Нас столько миллионов — неужели
нам по-английски надо говорить?
Сам спросишь — сам ответа избегаешь,
как тело — раскаленного гвоздя…
Ведь все горит как будто, все пылает,
а между тем, все — прах, все — куча пепла:
в походке девушек, гармонии лишенной,
надушенного тлена клокотанье,
плач по судьбе на юношеских лицах
и вялая игра с недальней смертью
в померкнувших глазах у пожилых.
Все будто бы пылает, словно крепость,
огнем и кровью взятая. И сердце
пейзажем этим пахнет. Пахнет воздух
иссохшими телами мертвых мыслей.
Поэты пахнут мрамором и бронзой.
И медленно все это догорает,
как на большом кладбищенском костре.
Все словно умирает постепенно.
Все — пыль, сто раз истертая ногами.
Отчизна — пыль, хотя она должна быть
живою плотью… Нет ее!

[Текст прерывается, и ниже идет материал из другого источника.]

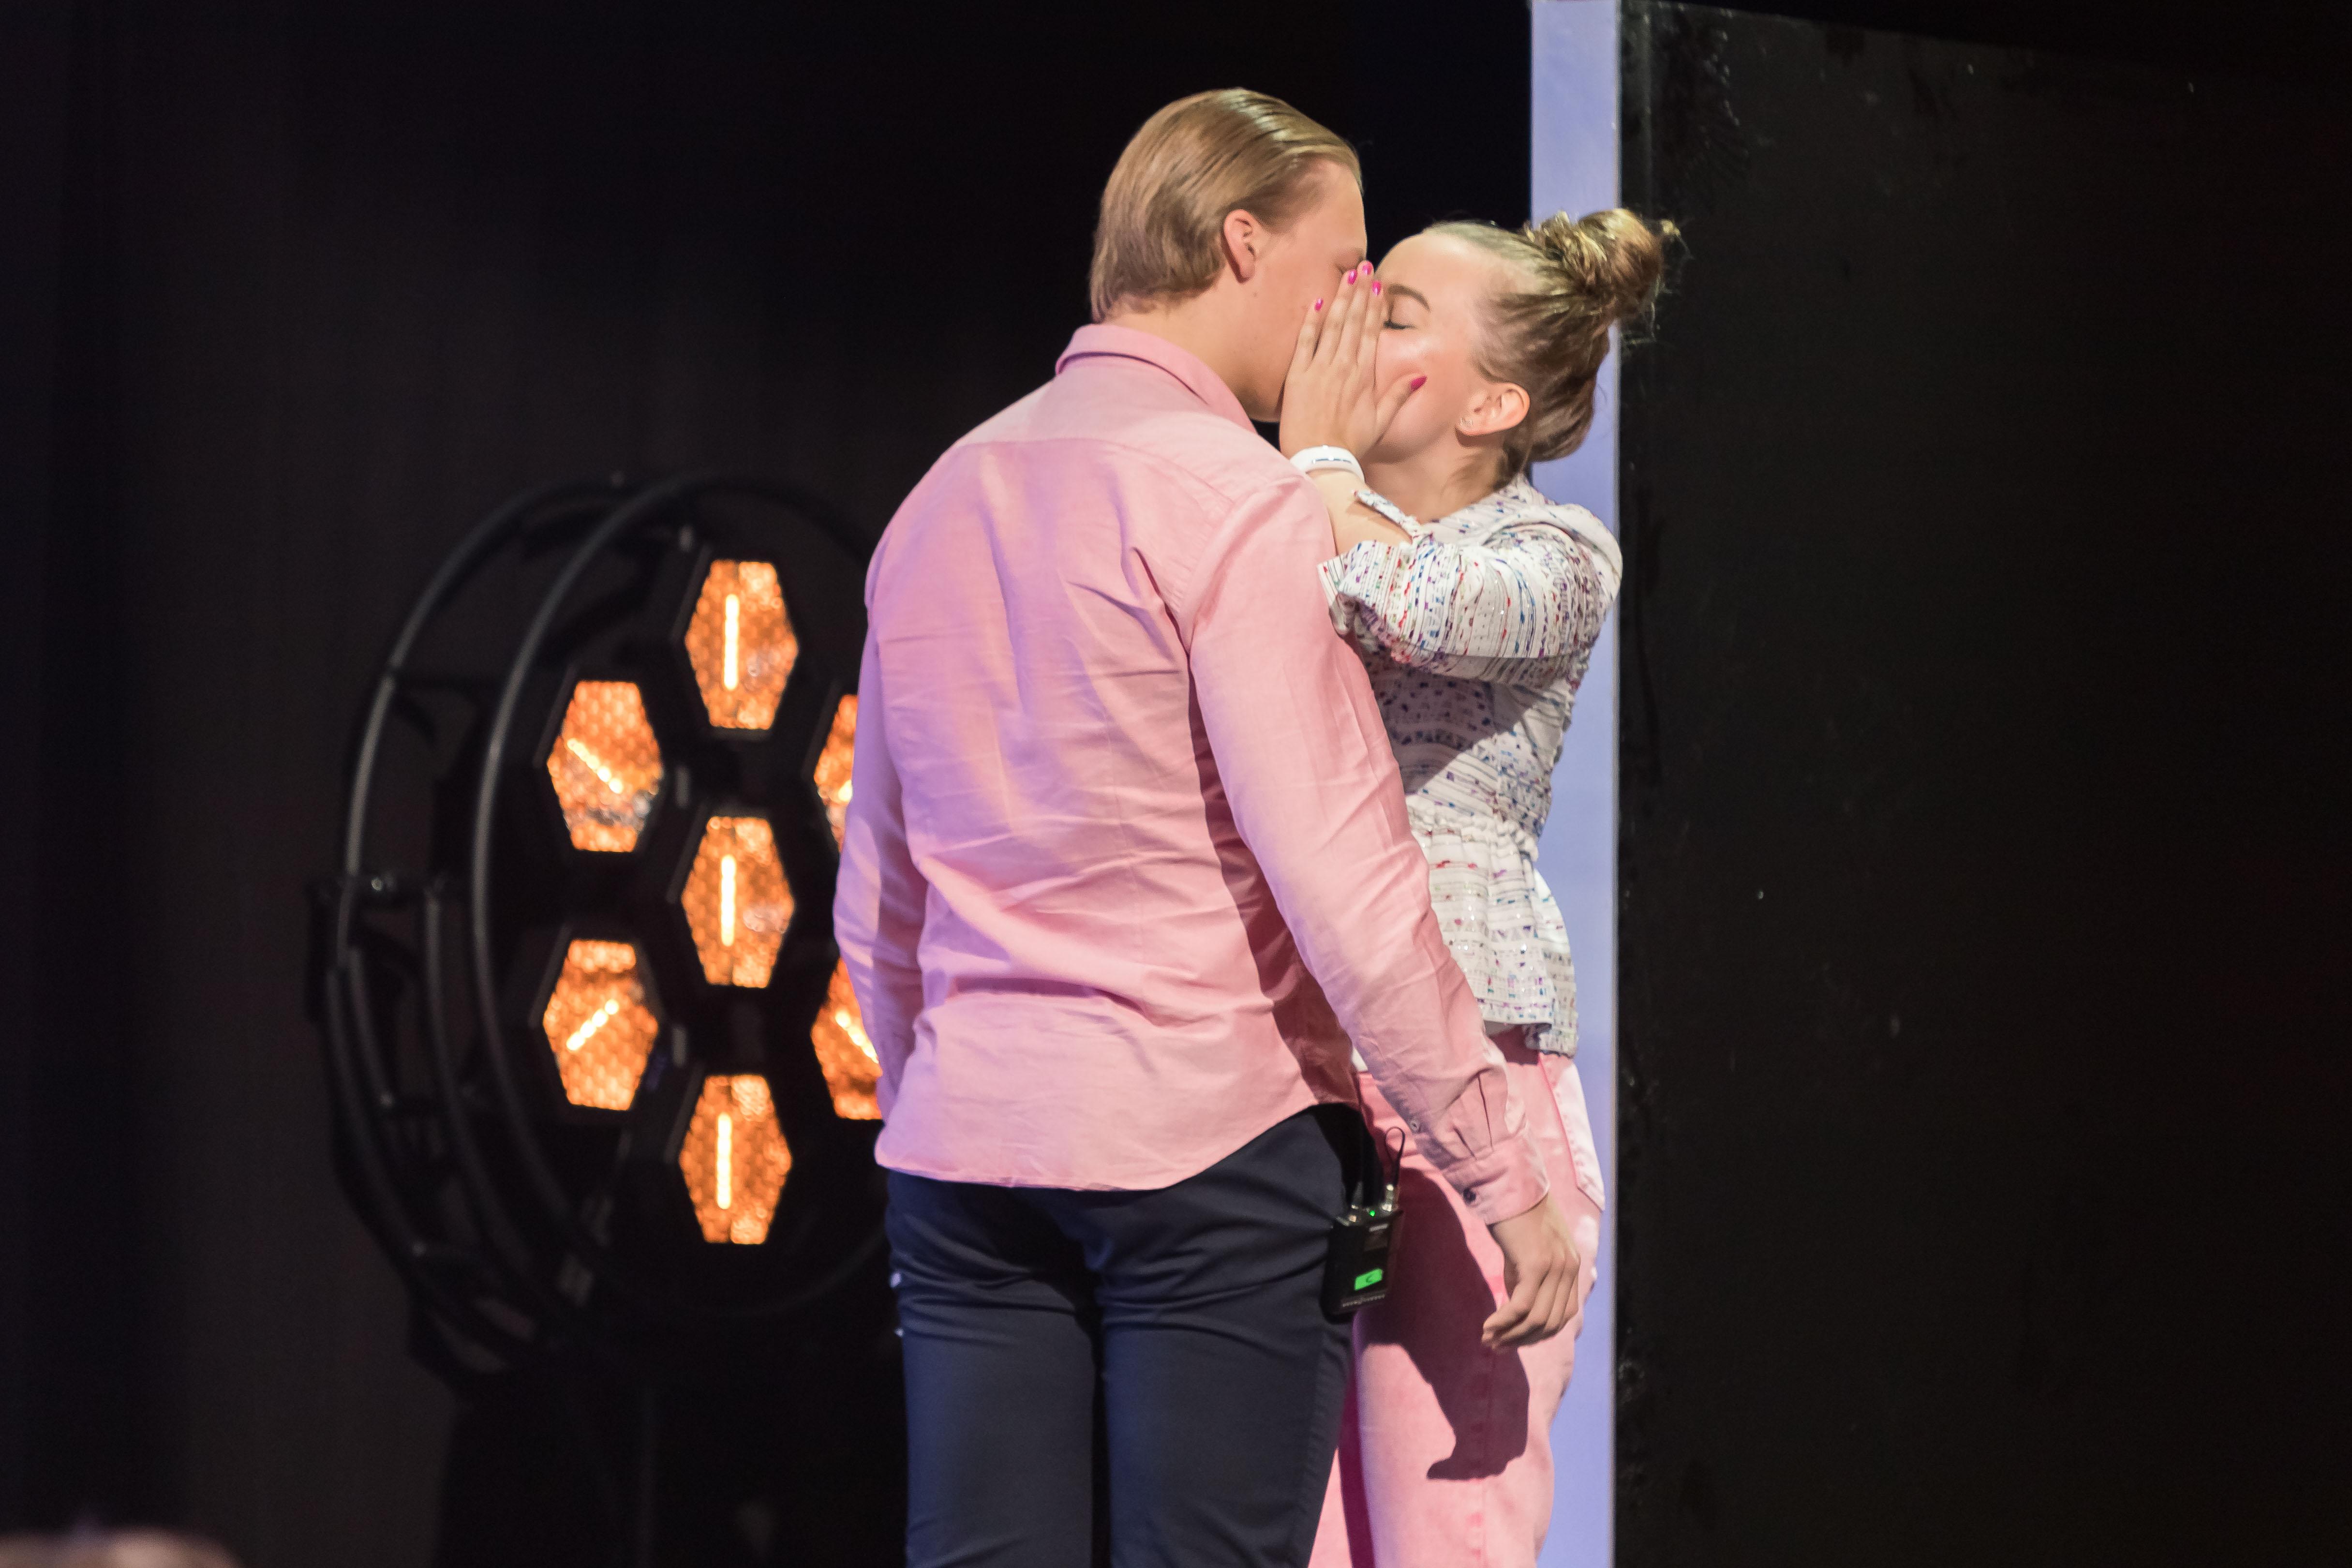 Muiskis! Janika Terho päätti repäistä ja osallistui Nelosen Napakymppiin. Jakso nähtiin televisiossa keväällä 2019.

Из сердца
ее изъяли, вырвали, а сердце
опустошенное — под каблуком.
Бежать, бежать от буйволов свирепых,
все растоптавших, от всесильной злобы
тельца златого, карлика-тирана,
республики, все взявшей, все купившей, —
озера, электричество и банки;
бессмысленно уже взывать к Линкольну
и незачем глядеть на Хуареса —
топор врага обоих обезглавил,
нет уваженья ни к какому миру,
нет уваженья ни к какой любви.
Нет уваженья к воздуху, которым
мы дышим все, ни к женщине любимой,
ни даже к сочиненному тобою
стихотворенью… Это оттого, что
нет милосердья к родине, в которой
течет страдальцев праведная кровь.
Да, братья, все, все кажется погибшим,
покуда в нашем Мехико — простите,
в Мехико-Сити! — дикари надменно
шагают по проспекту Хуареса:
туристы — знатоки киноискусства,
вздыхатели об «унесенных ветром»,
и гангстеры-убийцы, и «Мисс Тéхас»,
миллионерши-психопатки (сотни
разводов за плечами!) — все поганят
и топчут красоту и пожирают
«Молитву Гетесберга», и страницы
Уитмена, и чаплинские фильмы,
и паспорт Поля Робсона, а после
тебя бросают тут же, на асфальте,
с разорванным английской речью слухом,
с открыткою Чапультепéка, смятой
в ненужный и беспомощный комок…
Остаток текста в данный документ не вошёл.